Between the gambling and the drinking, he rarely had much money left and though his excellent servant, Grimaud, who’d served Athos’s family for many years, always contrived to turn bread and a thin slice of meat into some sort of meal, it was often too little and not very nourishing.
“Do you want some?” Porthos asked, looking up from his plate which was heaped with fully half the golden-roasted fowl, while the other half sat on its tray, waiting to be devoured. “
Holá
Mousqueton, bring a plate for Monsieur Athos.”
“It is not . . . I mean . . .” But before he could fully formulate that he didn’t mean to intrude on Porthos’s meal and that he didn’t require to be fed—all against the embarrassing and audible growling of his stomach—Mousqueton had set another place at the table, and put a napkin beside it, for Porthos observed, even in private, the careful etiquette of the greater houses. Quite defeated, Athos sat down and— with the knife provided—helped himself to the leg of the chicken, while Mousqueton returned to set a cup of wine in front of him.

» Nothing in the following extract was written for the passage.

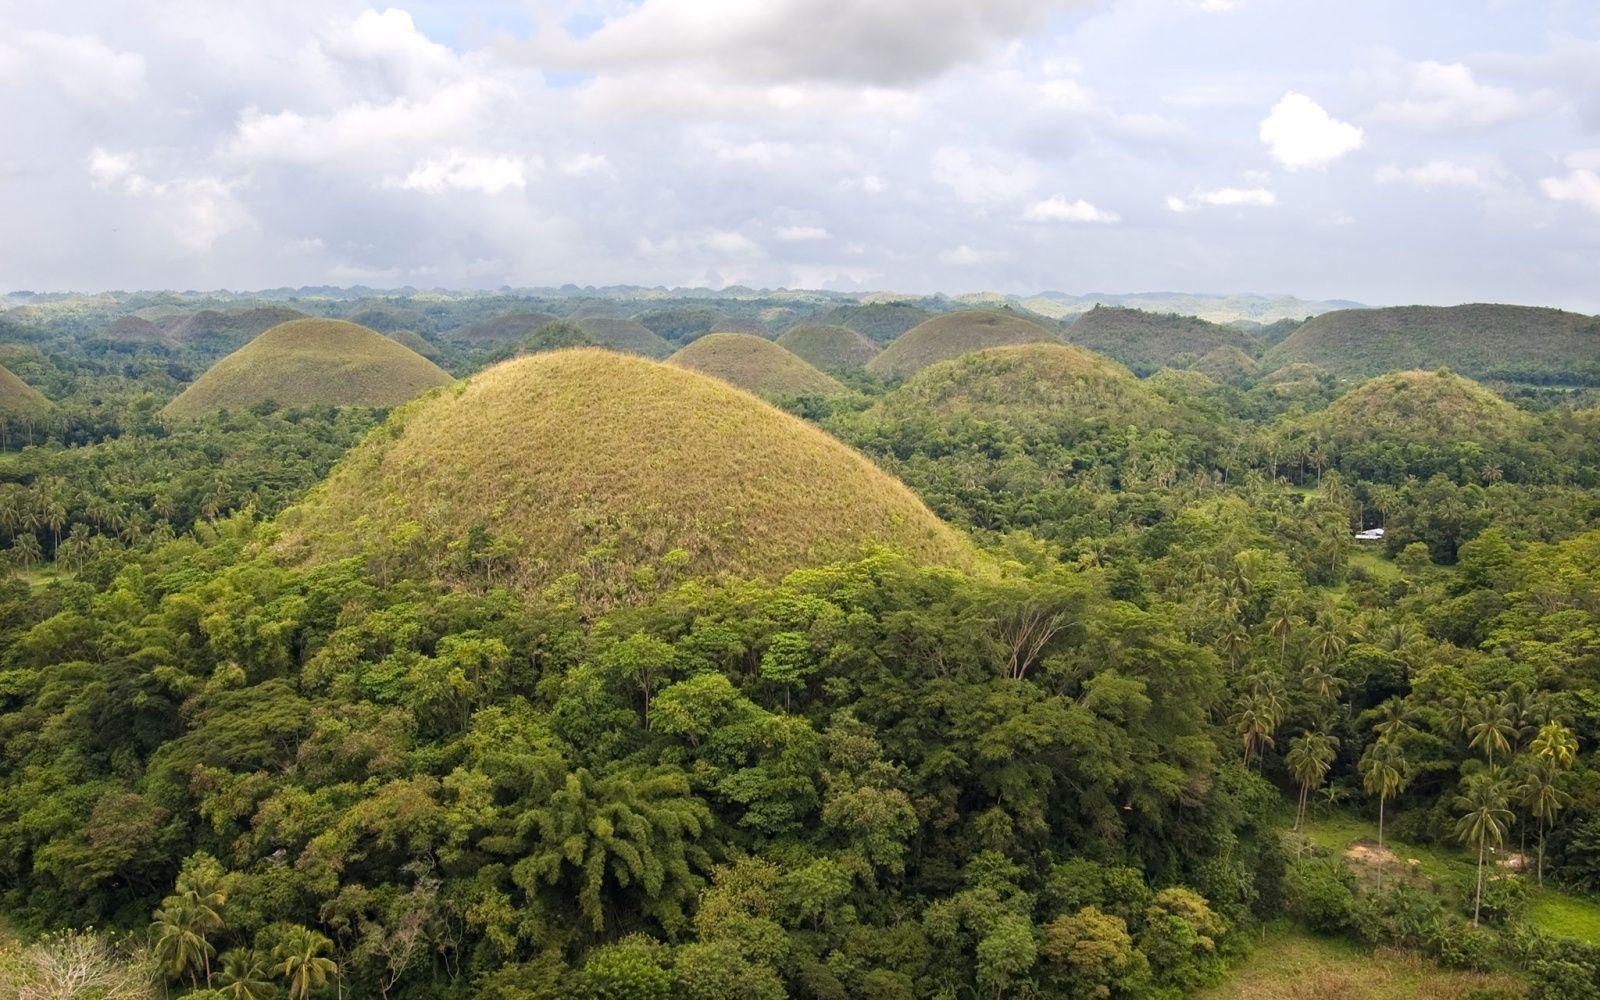 Chocolate Hills, Philippines - World's Strangest Natural Wonders | Travel + Leisure

One taste of the chicken confirmed what his sense of smell had told him—that the meat was excellent and deliciously seasoned. Slow roasted, too, and kept moist by some art that exceeded not only the abilities of Athos’s excellent Grimaud, but the abilities of Athos’s erstwhile cook at La Fere, as well. “I didn’t know—” he said, and realized he was about to say he didn’t realize that Porthos’s pocketbook ran to chicken these days, when all of them seemed to be subsisting on dried bread crusts and whatever they could manage to get in the way of invitations to dine. He stopped his words, but not in time.
Porthos, who so often had trouble putting his feelings into words, seemed to understand other people’s feelings and thoughts, even when incompletely expressed. He shrugged, as though Athos had said what he meant to say. “Mouqueton got it,” he said.
“I stepped on the poor creature by accident,” Mousqueton said. “There was nothing for it, but to put it out of its misery. And since it had been in the middle of the lane, I couldn’t quite tell to whom it belonged, so I thought it was easier to remove the source of dispute by bringing it home.”
Athos swallowed a mouth full and frowned at the meat in his hand. “But Mousqueton,” he said. “If the chicken was lying in the middle of the road, it might have been sick.”
Mousqueton sighed. “Oh, no. It was very healthy. I had the devil of a time, running it down so I could accidentally step on it.”
Athos marked the small smile on Porthos’s lips, and shook his head. After all, Mousqueton had grown up on the streets, living from his expedients. He supposed, in the final scheme of things, the chickens that people turned out on the street to feed on what they could find, were not in many senses truly owned. And yet, though he could eat it, he could not have gone out and got it himself. Or commanded Grimaud to get it. He ate another mouthful and drank half of his cup of wine, which Mousqueton promptly refilled from a bottle in his hand.